For the entries that follow, restate word for word the line containing "Crazy Disco Glitz", the line containing "Eminem Kamikaze Casual", and every line that lies between them.
··· Data section ···
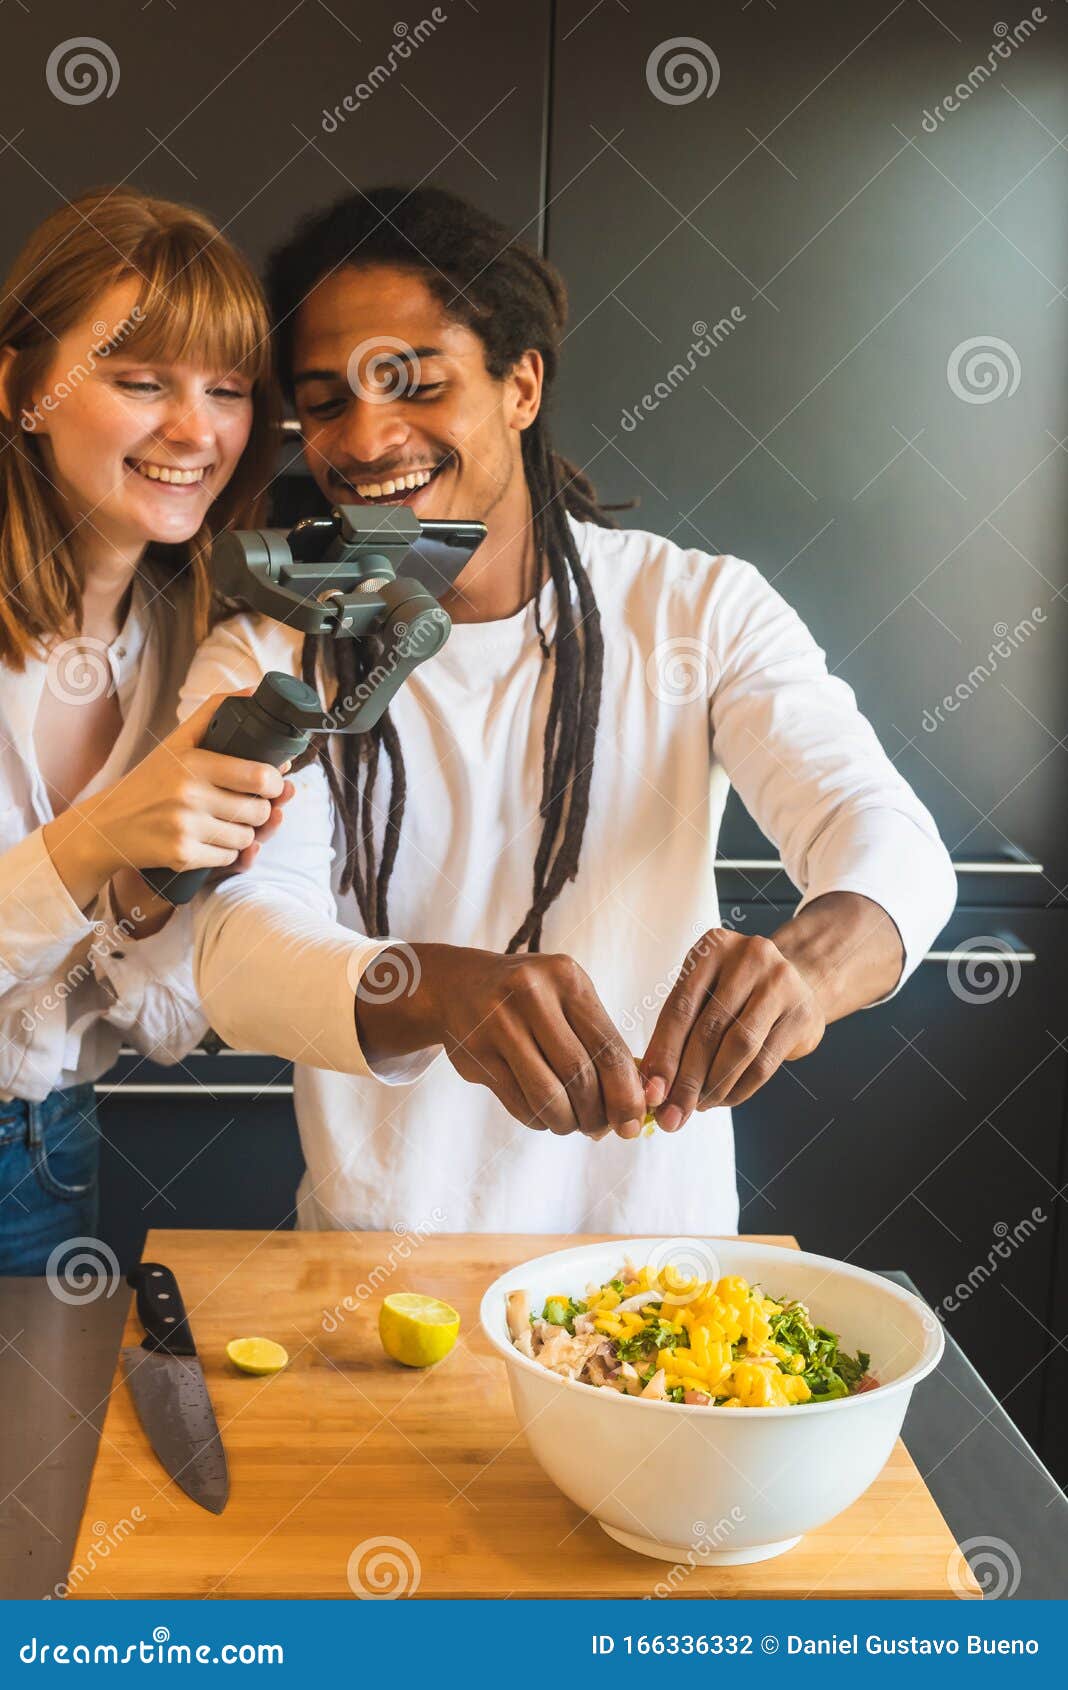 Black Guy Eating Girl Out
···
··· Data section ···
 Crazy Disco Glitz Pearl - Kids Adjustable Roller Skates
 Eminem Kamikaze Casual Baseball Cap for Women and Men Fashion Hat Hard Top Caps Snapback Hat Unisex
···
··· Data section ···
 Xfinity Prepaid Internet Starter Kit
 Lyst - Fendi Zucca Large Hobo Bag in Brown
···
* Output of the task:
 Crazy Disco Glitz Pearl - Kids Adjustable Roller Skates
 Eminem Kamikaze Casual Baseball Cap for Women and Men Fashion Hat Hard Top Caps Snapback Hat Unisex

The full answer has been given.